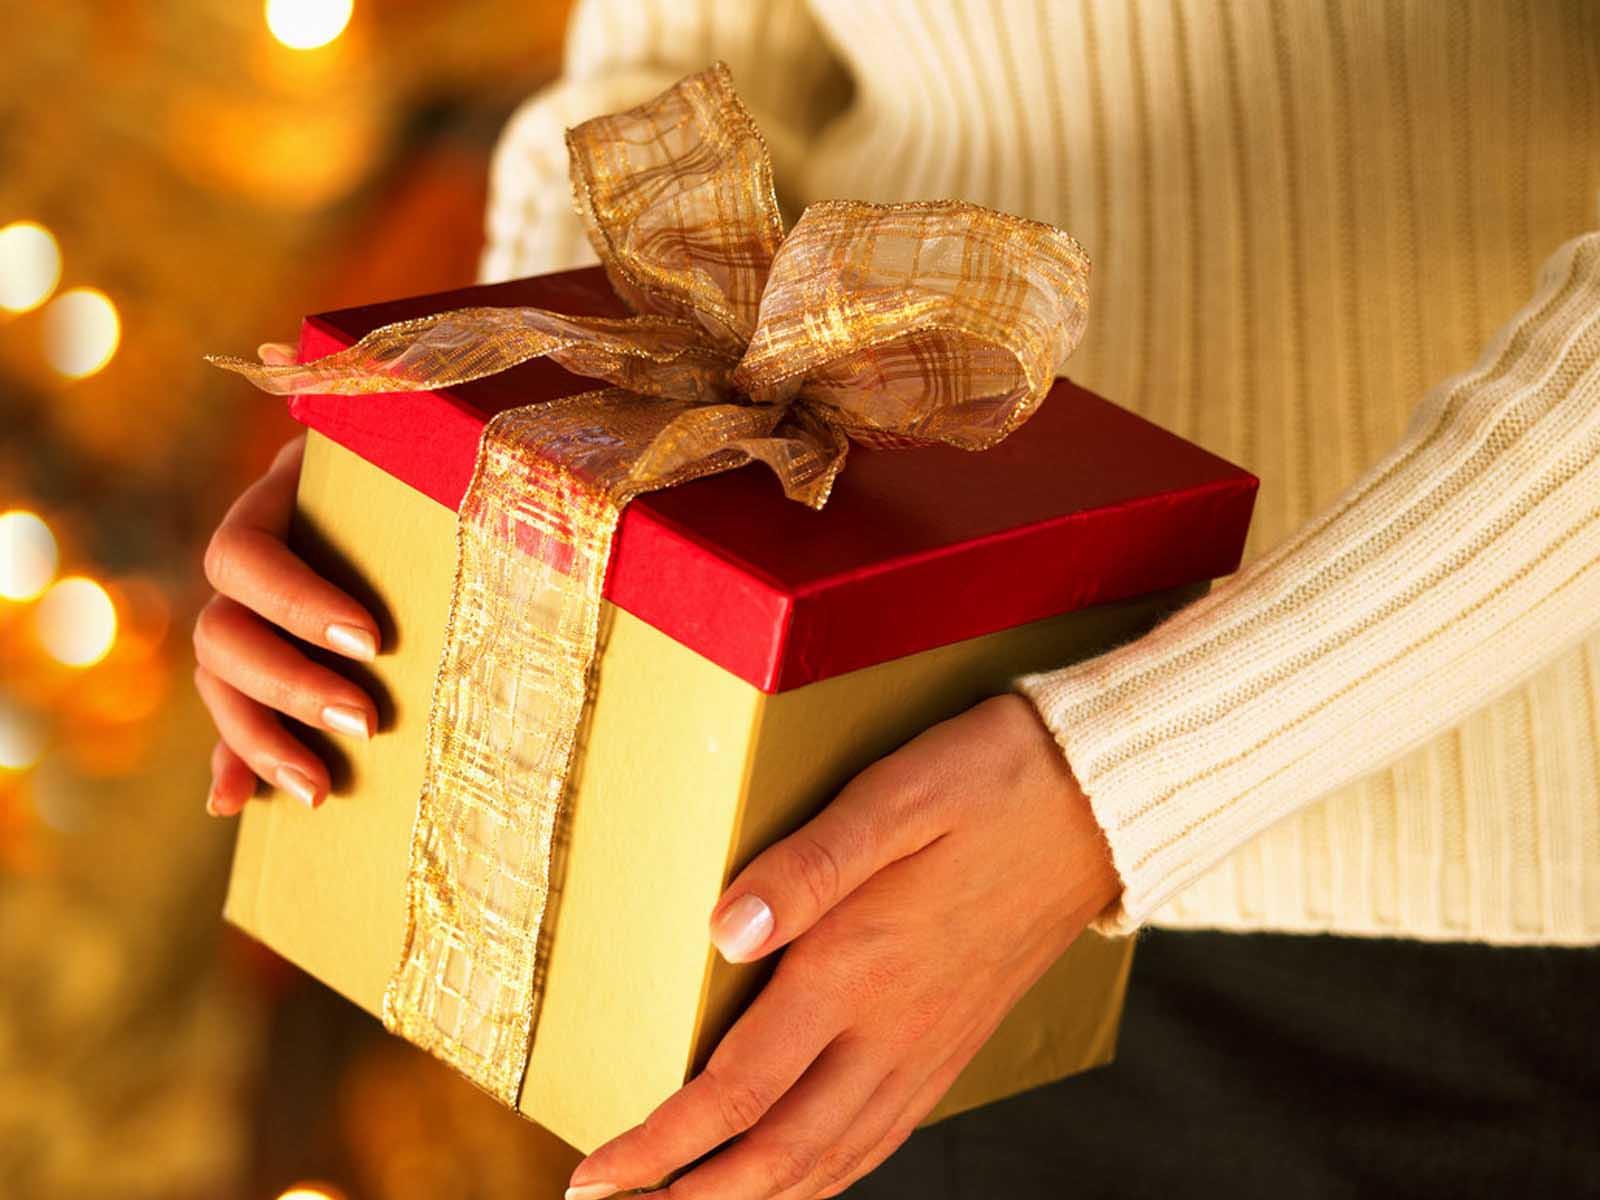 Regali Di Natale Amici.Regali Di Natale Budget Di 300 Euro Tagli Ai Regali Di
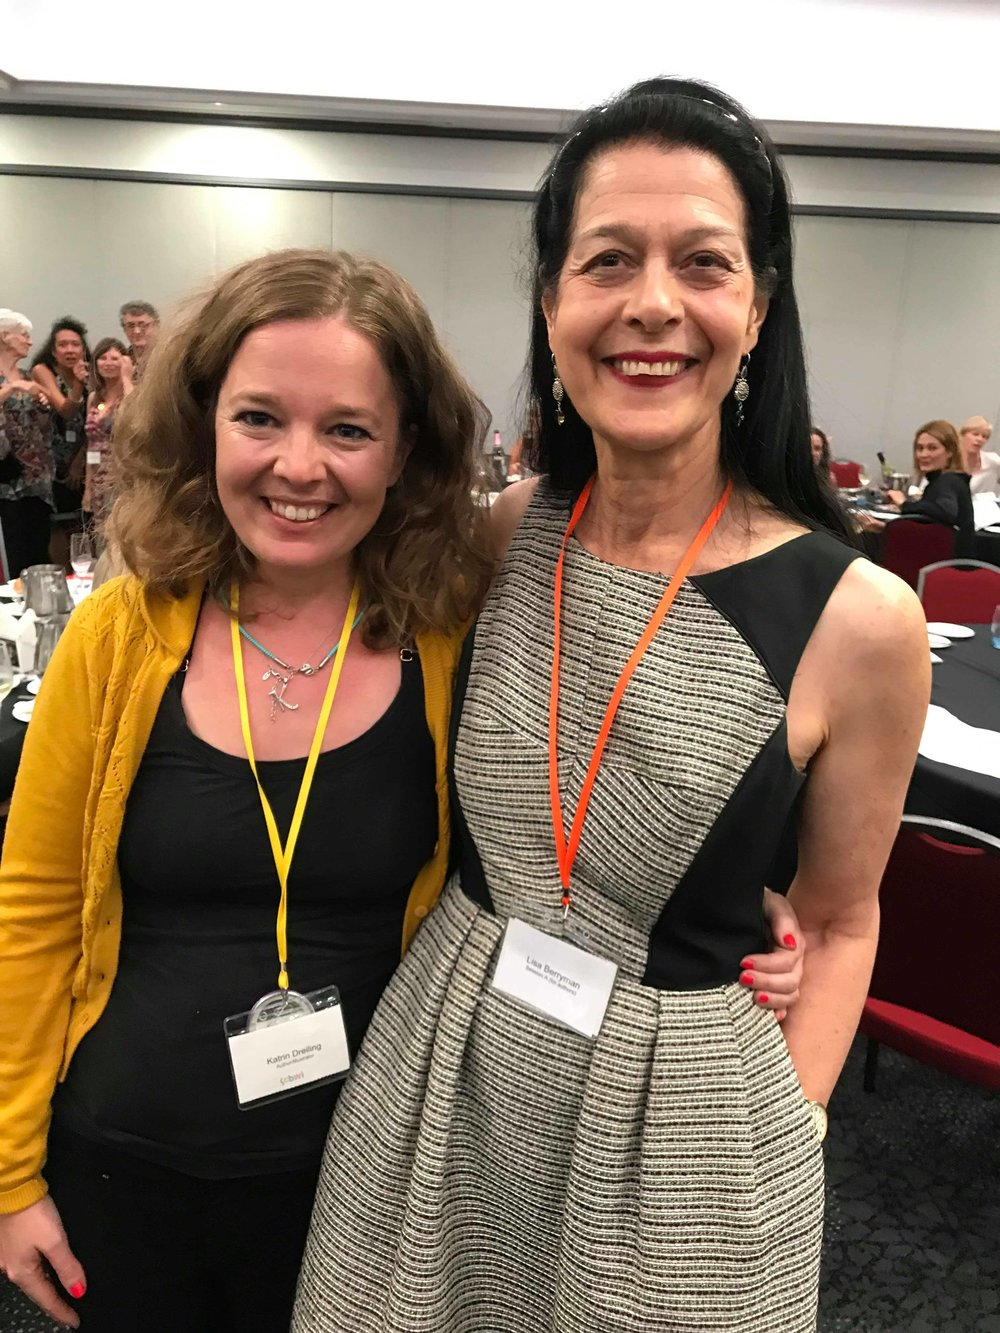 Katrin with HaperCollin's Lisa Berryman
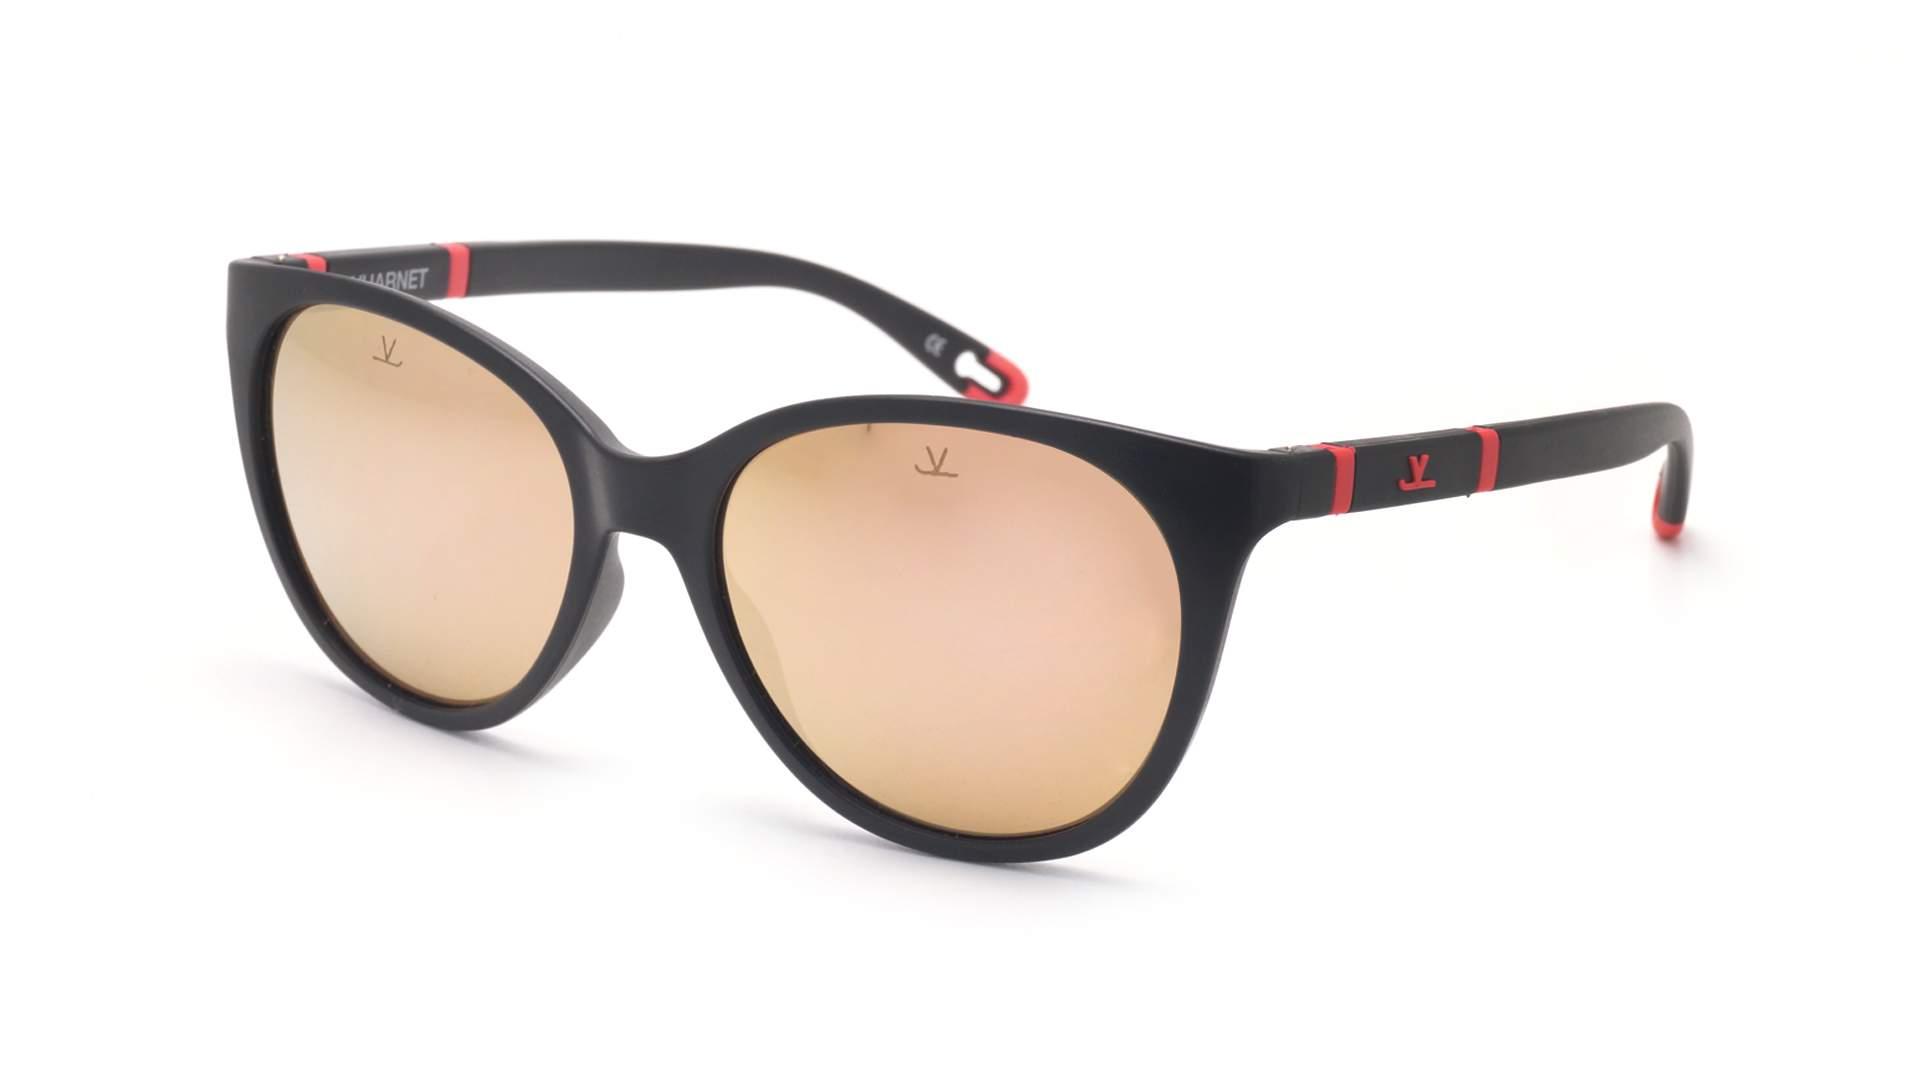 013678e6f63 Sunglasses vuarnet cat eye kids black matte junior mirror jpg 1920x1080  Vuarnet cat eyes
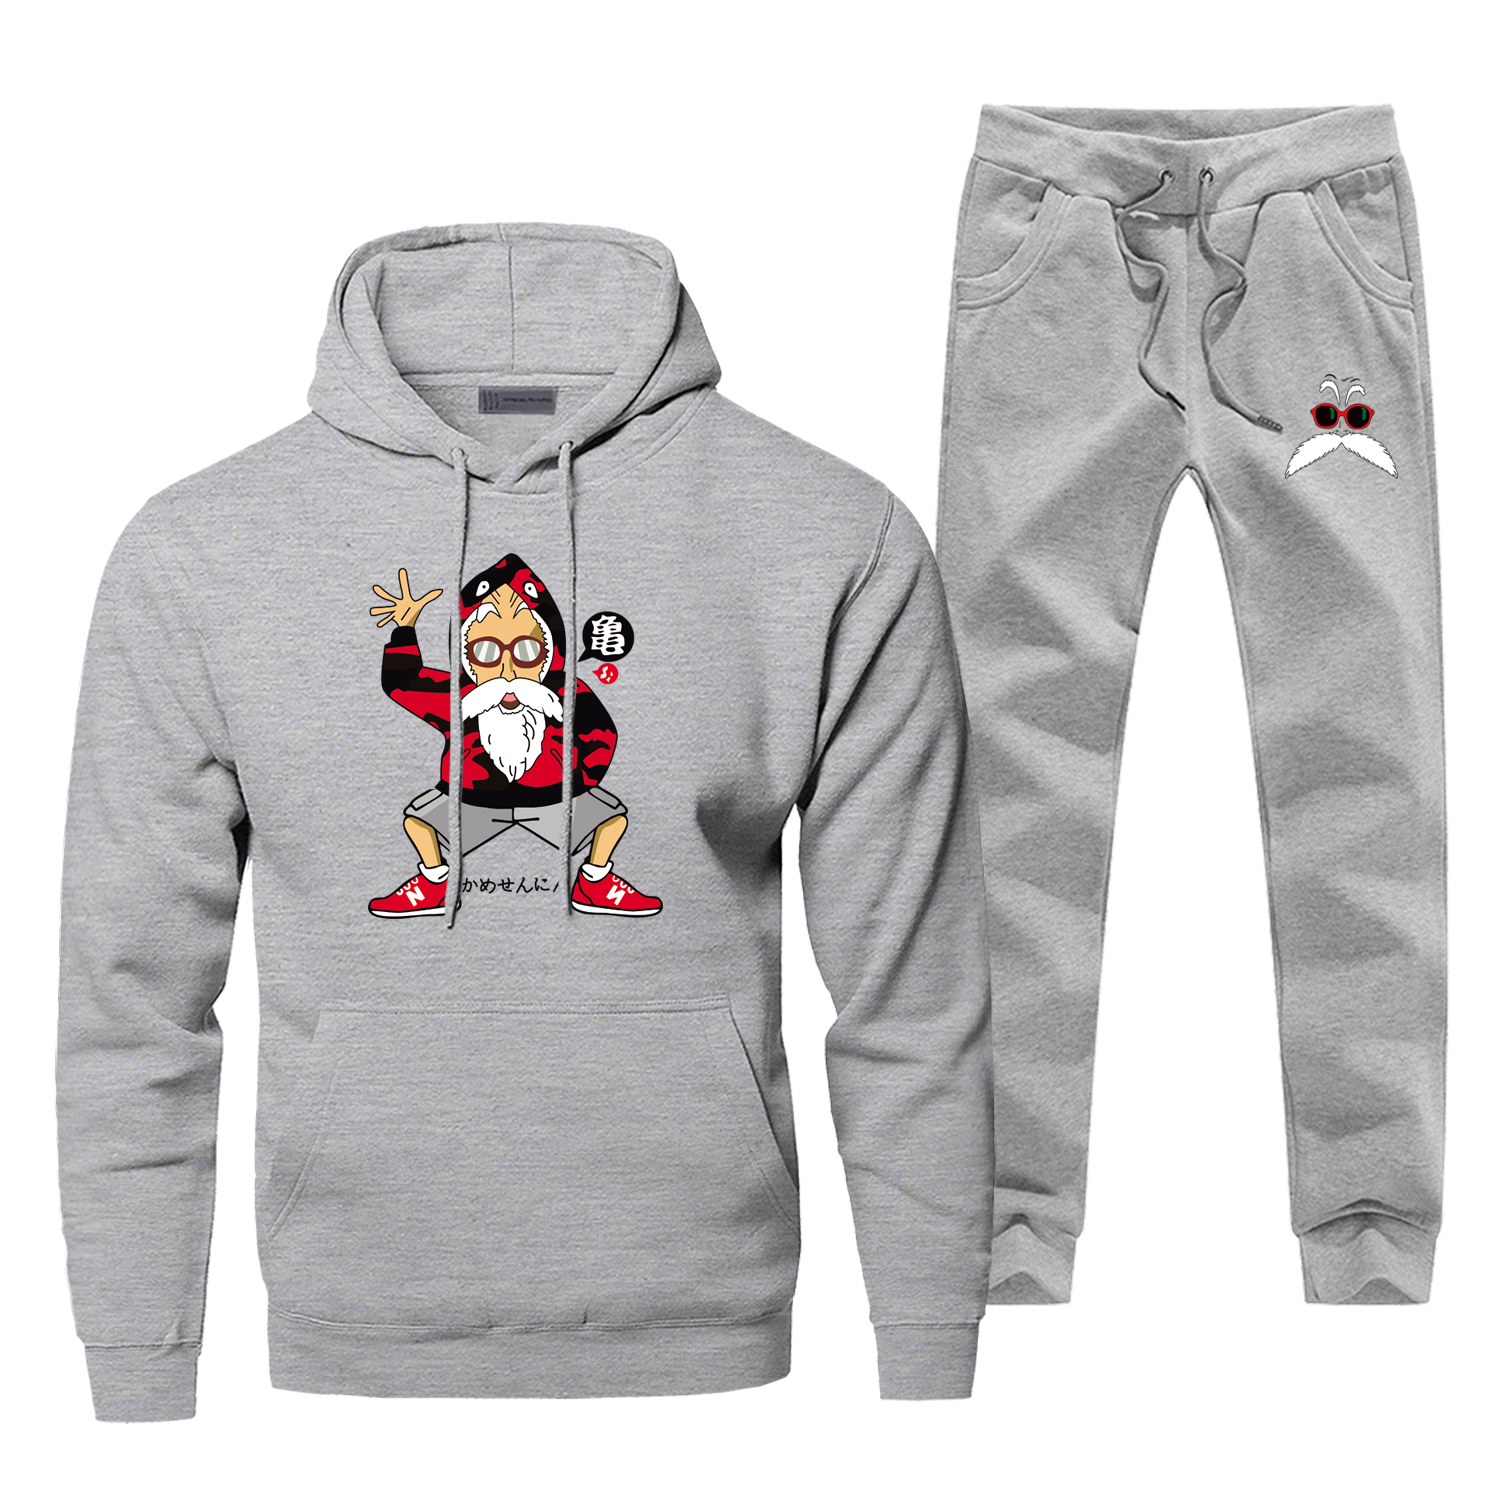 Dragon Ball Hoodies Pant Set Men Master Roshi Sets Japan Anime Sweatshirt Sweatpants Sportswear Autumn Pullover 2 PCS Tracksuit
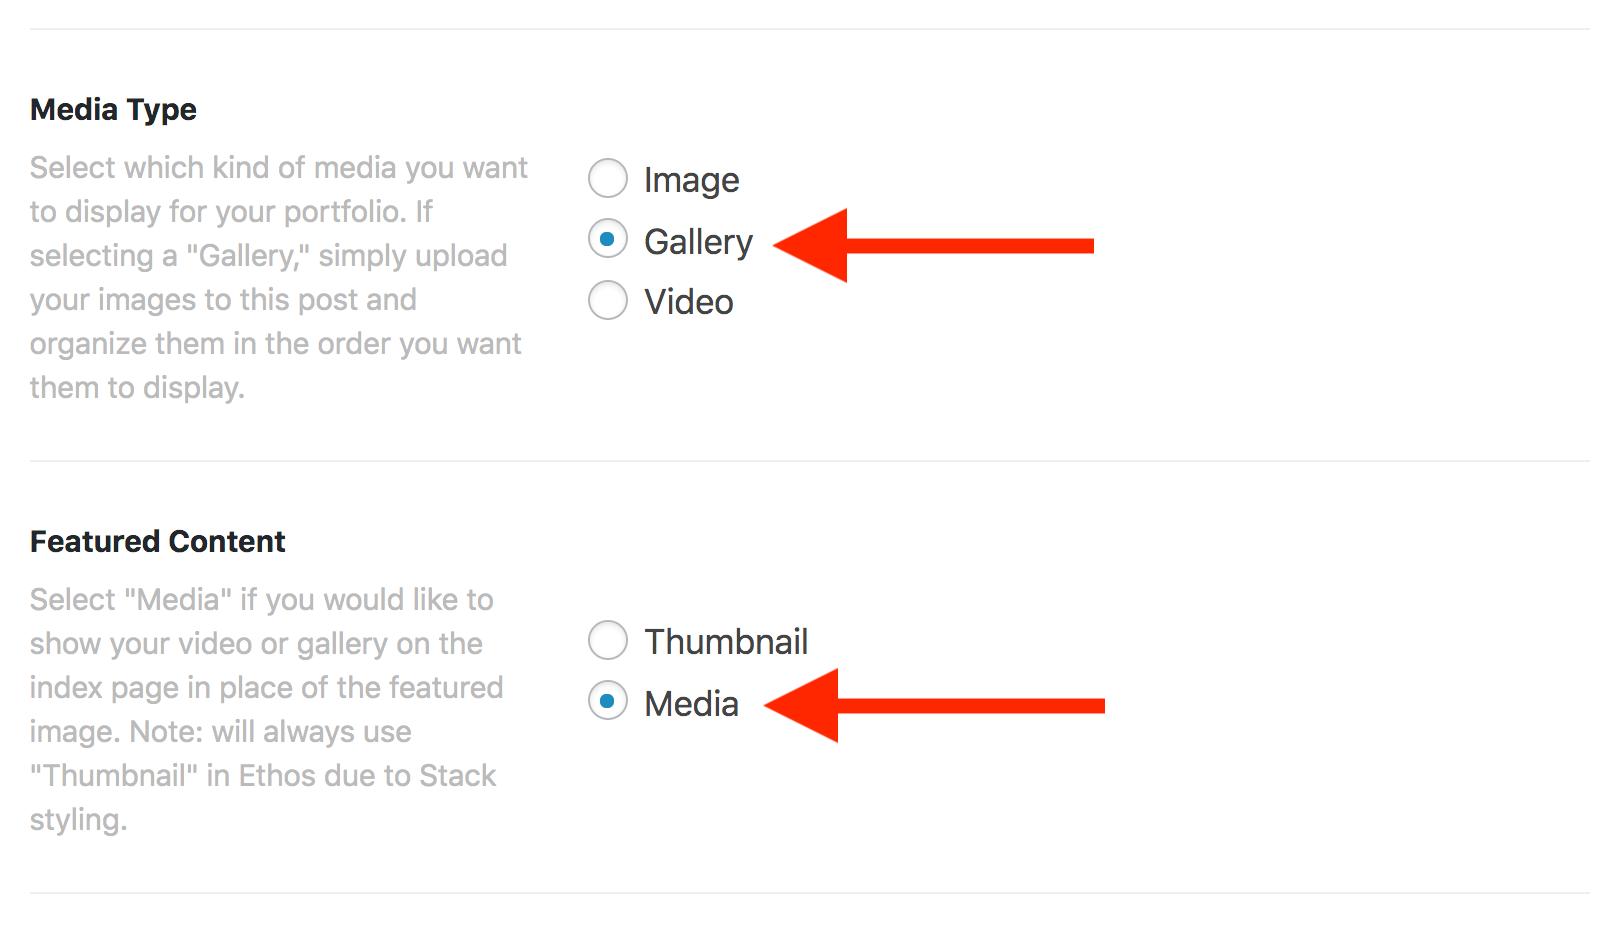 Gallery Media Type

== == ==

PROBLEM TO SOLVE
Ignoring the pictures, write out word for word the lines from the line containing "Dragon Ball Hoodies" through the end of the material above.

COMPLETED EXERCISE
 Dragon Ball Hoodies Pant Set Men Master Roshi Sets Japan Anime Sweatshirt Sweatpants Sportswear Autumn Pullover 2 PCS Tracksuit
 Gallery Media Type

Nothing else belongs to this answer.